“But if any man say unto you, This is offered in sacrifice, eat not, for his sake that showed it, and for conscience sake. 29. Conscience, I say, not thine own, but of the other: for to what purpose can my liberty be judged by another's conscience?”

The τίς, any one, of 1 Corinthians 10:28 cannot, as Grotius thinks, denote the same person as the τίς of the foregoing verse, the heathen who invited the Christian. He would not be designated by an indefinite pronoun. It must therefore be one of the guests. Are we to suppose him, as has been thought by Chrysostom, de Wette, etc., a malicious heathen, who wishes by the remark to embarrass the Christian, or a serious heathen wishing to call his attention to the mistake he is about to commit without knowing it (Ewald)? But in these two cases the duty of the believer would have been, not to abstain, but, on the contrary, to partake of the meat while stating the motive of his conduct, and justifying his freedom from all scruple in regard to idols in which he does not believe; it was an excellent opportunity for expounding his faith. The person in question, therefore, is a sincere Christian, whose conscience is still hampered with scruples, and whom his strong brother is bound to treat with consideration. In this way, the following words: For his sake that showed it, and for conscience, are easily explained. The two motives refer to the same person, remaining, however, distinct. The first is directed against the influence which the example might exercise over the weak Christian, by leading him to eat against his conscience; the second, to the shock which his conscience will infallibly undergo on seeing the strong believer eat, even supposing he should resist the example which is set him. The repetition of the quotation from Psalms 24 at the end of 1 Corinthians 10:28, in the T. R., is evidently due to an interpolation. The only meaning which could be given to the words here would be this: “There is on the table plenty of other meats which thou mayest use.” But such a reflection is far from natural.

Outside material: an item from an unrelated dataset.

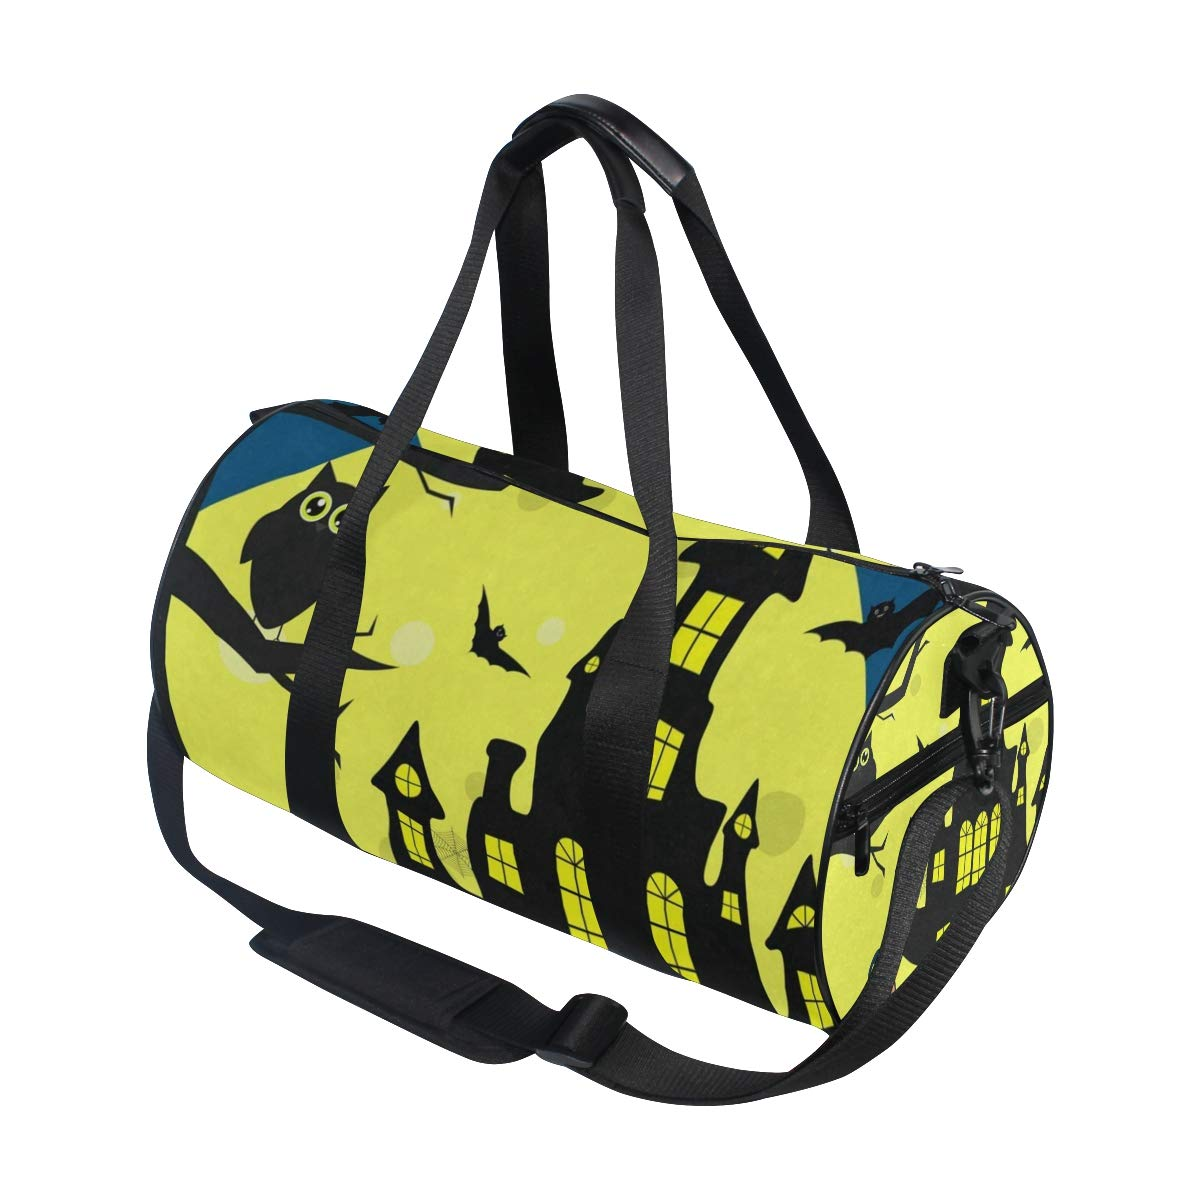 Travel Duffel Bag Sea Coast Beach Landscape Sketch Waterproof Lightweight Luggage bag for Sports Gym Vacation

Vv. 29. The apostle expressly declares that such a sacrifice by no means implies that the strong believer renounces his conviction and right; his conscience remains independent of his brother's, though he voluntarily subordinates his conduct to the other's scruple.

The reason which the apostle gives for this conduct has been differently understood. Meyer and de Wette think that Paul means: “For on what ground should I subject your conscience to the judgment of your neighbour's? You preserve, therefore, so far as you are yourselves concerned, your entire liberty.” But the conjunction ἱνατί does not signify: For what reason, with what right? This compound conjunction, after which we must understand γένηται, literally signifies: that what good may come about? The meaning is therefore: “For what advantage can there be in my liberty being condemned...?” We have in the parallel discussion of Romans 14 a perfectly similar saying, which leaves no doubt as to the meaning of this. Paul there says, 1 Corinthians 10:16: “That your good be not evil spoken of (blasphemed)!” This good is the liberty of the strong, and Paul asks of them not to make such a use of it as will provoke the disapproving judgment of the weak. Here he asks, besides, what advantage such a judgment, imprudently provoked, can have; what edification it can afford either to the Christians present, or to the non-Christians, who become witnesses of the mutual contradictions between believers, and of the condemnations which they pass on one another. The question put in 1 Corinthians 10:29 is reproduced still more clearly in 1 Corinthians 10:30.